Of course, he made his speech without a modicum of remorse for his attempt to shatter her illusions. Yet it was his cool smirk in the lantern light that tweaked her ire.

“All alike? No, indeed,” she said. “The majority of men aren’t quite so pink, I’m sure.”

He skewered her with a steely glower. Then, in one smooth motion, he moved to the edge of his seat, reached out and lifted her hood in place before she could even gasp at his sudden nearness.

Her lips parted all the same. The scent of him—some enthralling combination of leather and raw earth—invaded her olfactory sense. And those pale irises were impossibly close. So close, it seemed as if she were peering into the depths of a fathomless lake that had frozen into one solid block of ice.

“Word of warning, Jane. It isn’t wise to anger a hungry animal when you’re about to step into his cave.”
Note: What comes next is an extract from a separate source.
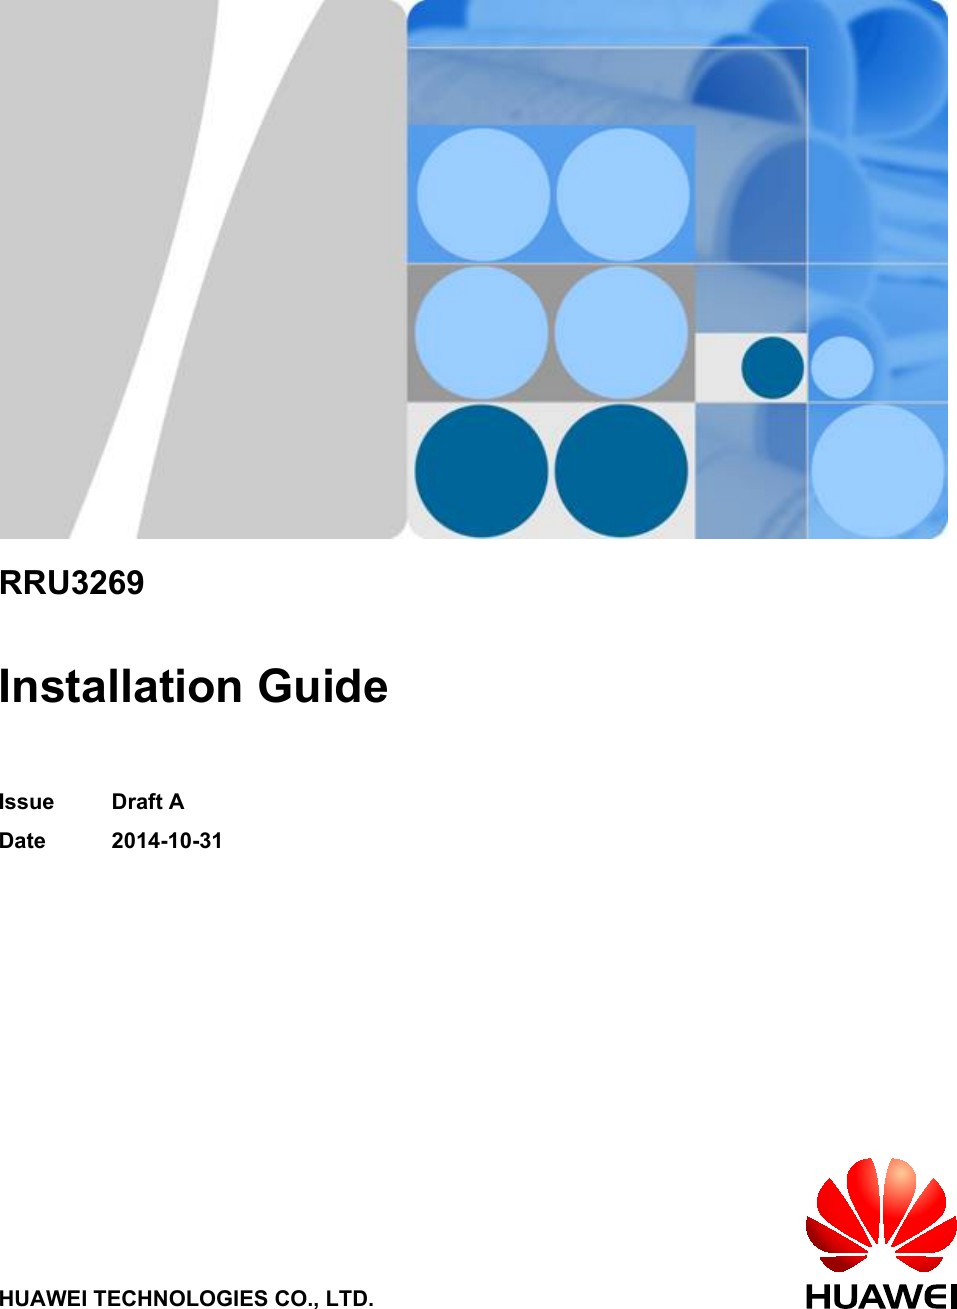 RRU3269Installation GuideIssue Draft ADate 2014-10-31HUAWEI TECHNOLOGIES CO., LTD.

In that moment, she realized the carriage had stopped. She peered out the window toward the redbrick facade of a ramshackle terrace in Covent Garden.

Newton’s apple, a scoundrel’s flat! She most definitely hadn’t planned for this.

* * *

Raven crossed the threshold and closed the door, effectively shutting out the light from the streetlamps and immersing them in blackness. He noticed that the soles of Jane’s shoes shifted nervously on the hardwood floor.

Good. She deserved to feel uneasy and uncertain after all the trouble she’d caused him.

“And I thought you were merely goading me when you mentioned a cave,” she said under her breath, her sardonic tone extracting a reluctant rise of amusement within him.